An update by CNN on 3 April 2020 stated the ship remained near Miami after "six crew members with respiratory symptoms were evacuated from the ship, and then transported to a hospital". The Port of Miami had not provided consent for the vessel to dock but all passengers had previously disembarked at Guadeloupe.

===Canceled transfer to Carnival Cruise Line===
On 23 June 2021, it was announced that Costa Magica would be rebranded and transferred to the Carnival fleet in mid-2022, receive a new Carnival name and funnel, and would most likely join the Sunshine-class. On 14 June 2022, Carnival said that Costa Magica would remain in the Costa fleet, with to be transferred instead.

===Sale to Seajets===
On 8 February 2023, Costa Magicas sale to Seajets, a Greek/Cypriot ferry company, was reported. She was later laid up in Greece and renamed Mykonos Magic. In April 2024 Seajets revealed their intention to re-activate the ship for a new cruise operation, Neonyx Cruises, to launch in July with the name Goddess of the Night, and offering an adults-only "ultimate party experience" in the Aegean. Mykonos Magic was sent to a Turkish shipyard for a refit.

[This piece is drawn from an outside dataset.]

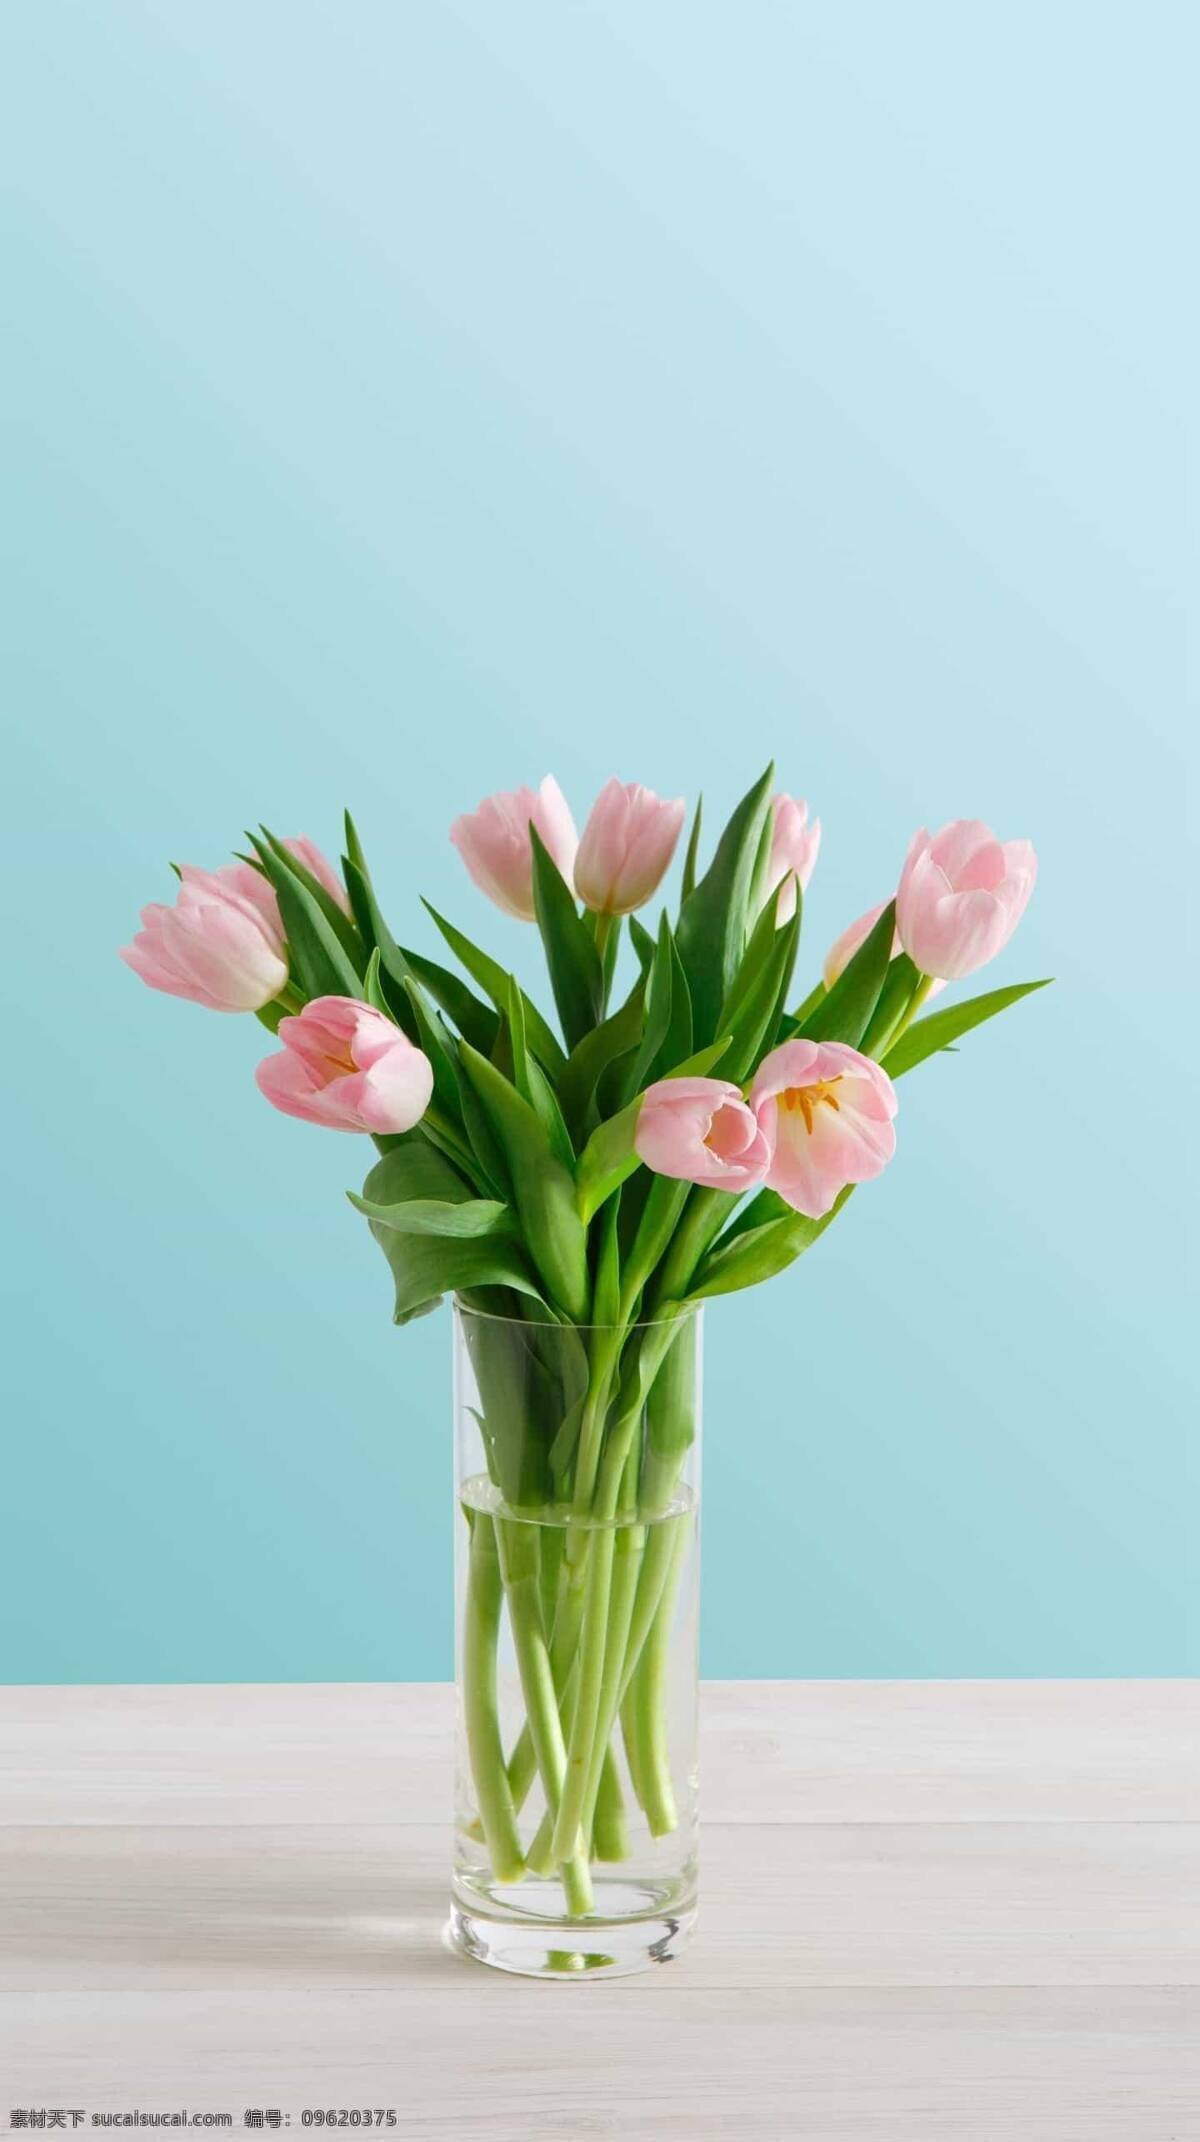 郁金香 植物 花 鲜花 绿叶 叶子 花瓶 粉嫩 清新 粉色 绿色 生机 装饰

Prior to commencing cruising with Neonyx, the ship was chartered to provide accommodation at Brindisi for 2,000 security police for the Group of Seven summit in June 2024. Following complaints about sanitary conditions, including flooded cabins, malfunctioning toilets and broken showers, alternative arrangements had to be made and the ship was impounded. The ship also failed a port state control inspection by the Italian maritime authorities on 20 June, and was detained for six days with 16 deficiencies mostly related to ship safety. In July Neonyx said that, due to delays in the refurbishment, Goddess of the Nights inaugural season had been postponed until 2025.

===Operations by Tianjin Orient===
The ship was renamed to the Vision and sold to Tianjin Orient International Cruises in late 2025. After sale, the ship was officially named Visio and began service on March 2, 2026, with it homeporting in Tianjin, with itineraries to South Korea. The Visio made its maiden voyage from Dalian on May 12, 2026.